Reproduce every line below exactly as written; do not include the images.

• _Collected data_
┌──

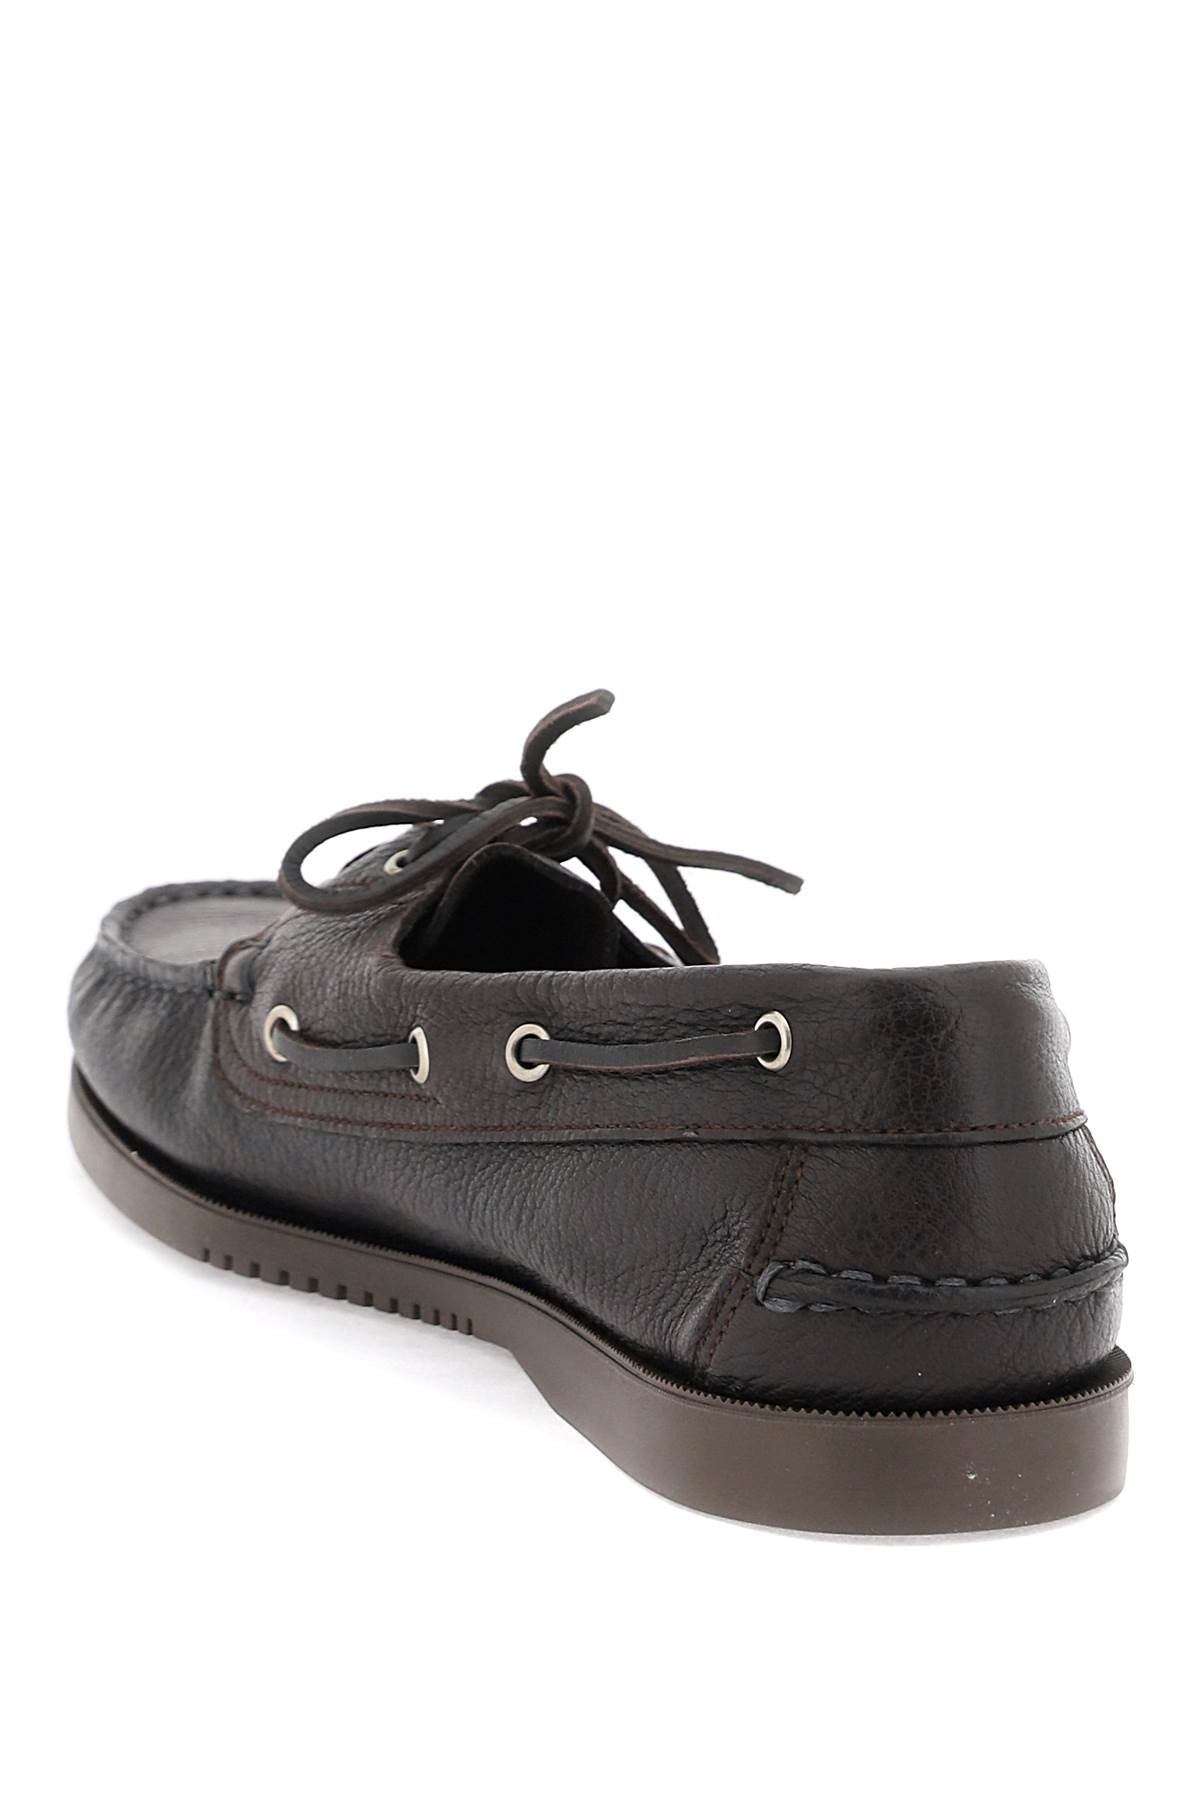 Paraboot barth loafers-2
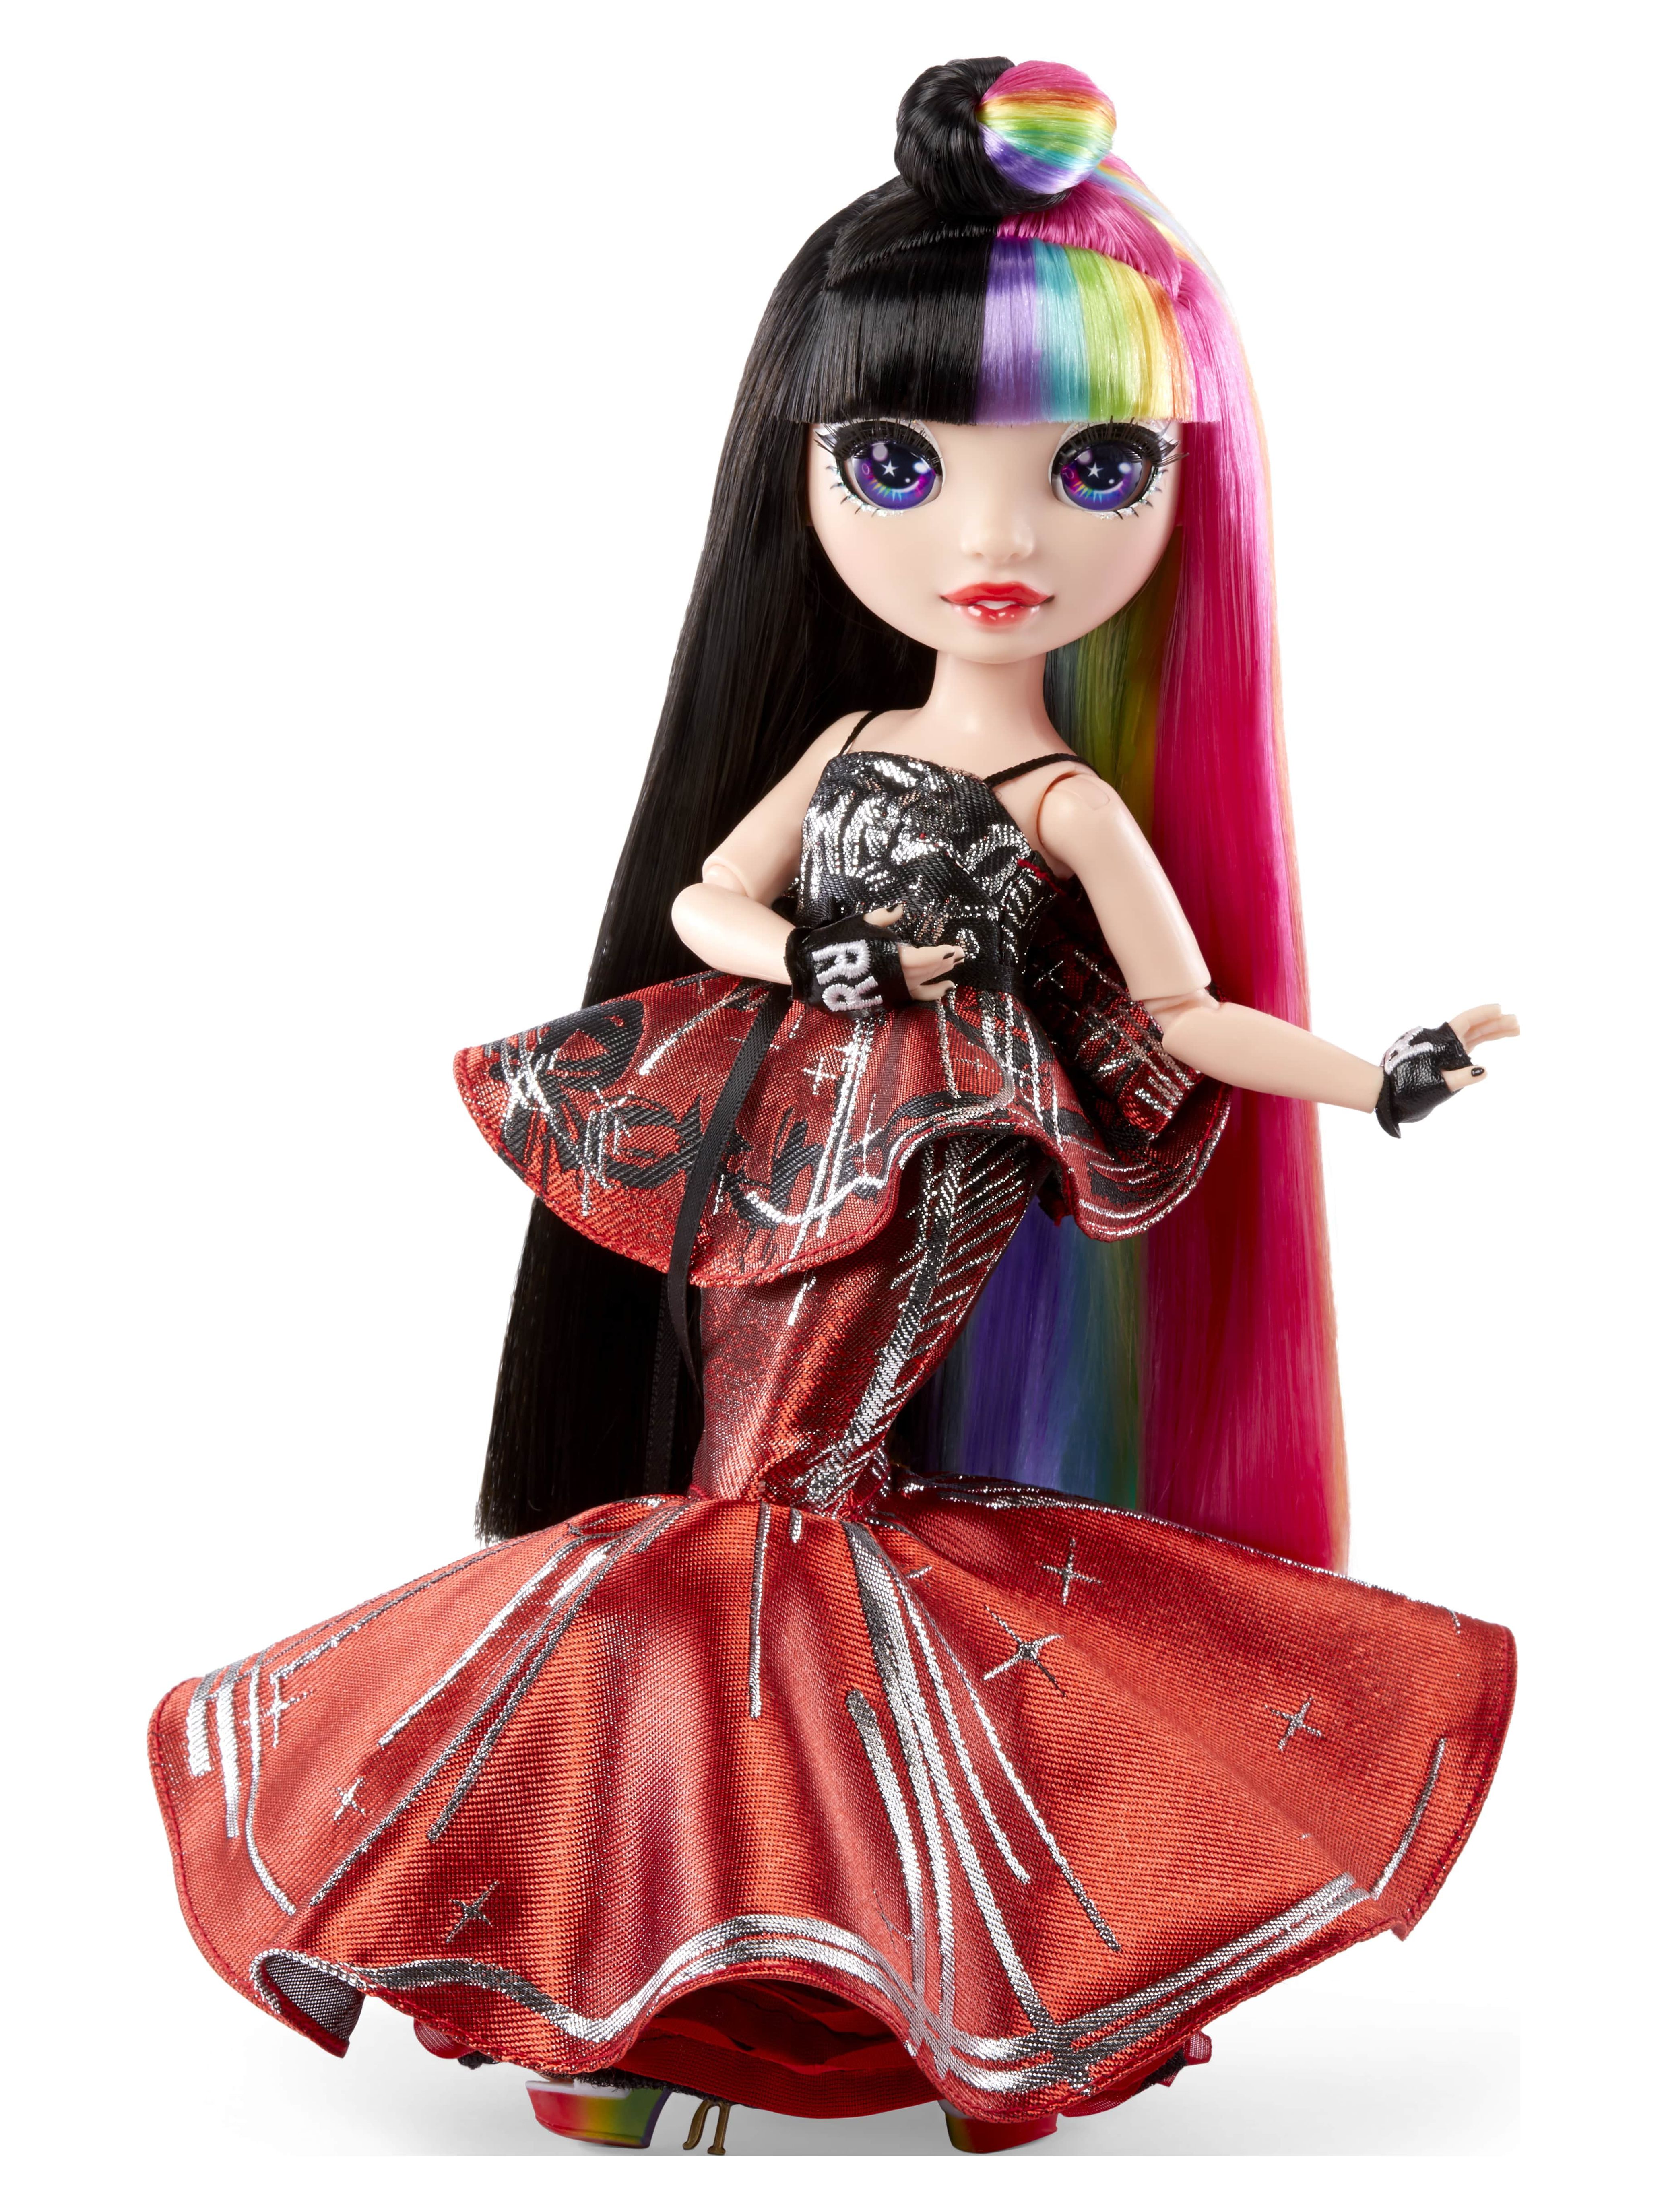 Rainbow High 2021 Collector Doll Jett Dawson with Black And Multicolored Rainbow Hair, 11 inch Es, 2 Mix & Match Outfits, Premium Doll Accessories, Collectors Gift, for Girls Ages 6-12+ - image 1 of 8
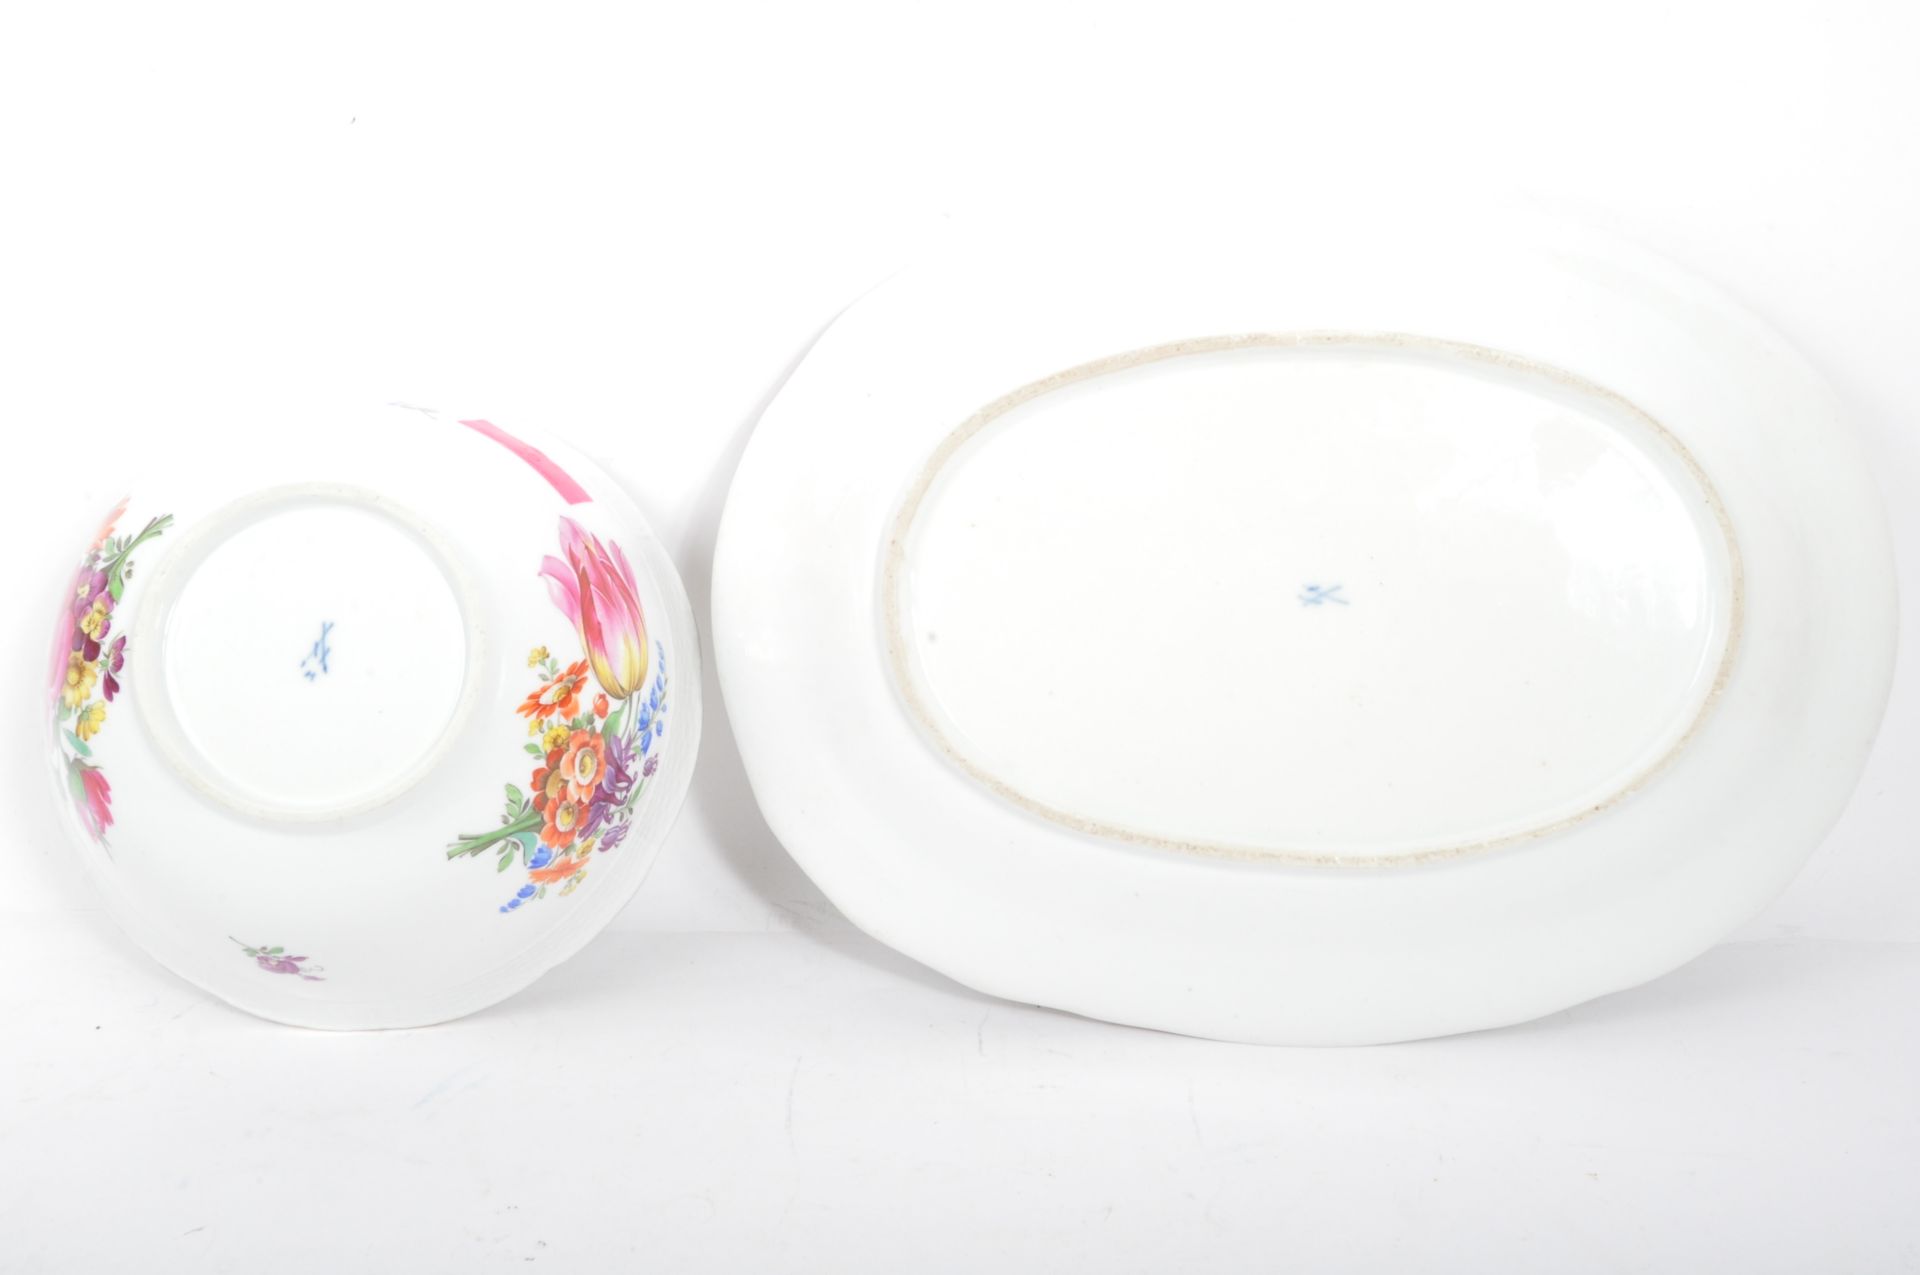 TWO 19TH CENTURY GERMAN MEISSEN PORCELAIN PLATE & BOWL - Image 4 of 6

└──

• _Result for this exercise_
 Paraboot barth loafers-2
 Rainbow High 2021 Collector Doll Jett Dawson with Black And Multicolored Rainbow Hair, 11 inch Es, 2 Mix & Match Outfits, Premium Doll Accessories, Collectors Gift, for Girls Ages 6-12+ - image 1 of 8
 TWO 19TH CENTURY GERMAN MEISSEN PORCELAIN PLATE & BOWL - Image 4 of 6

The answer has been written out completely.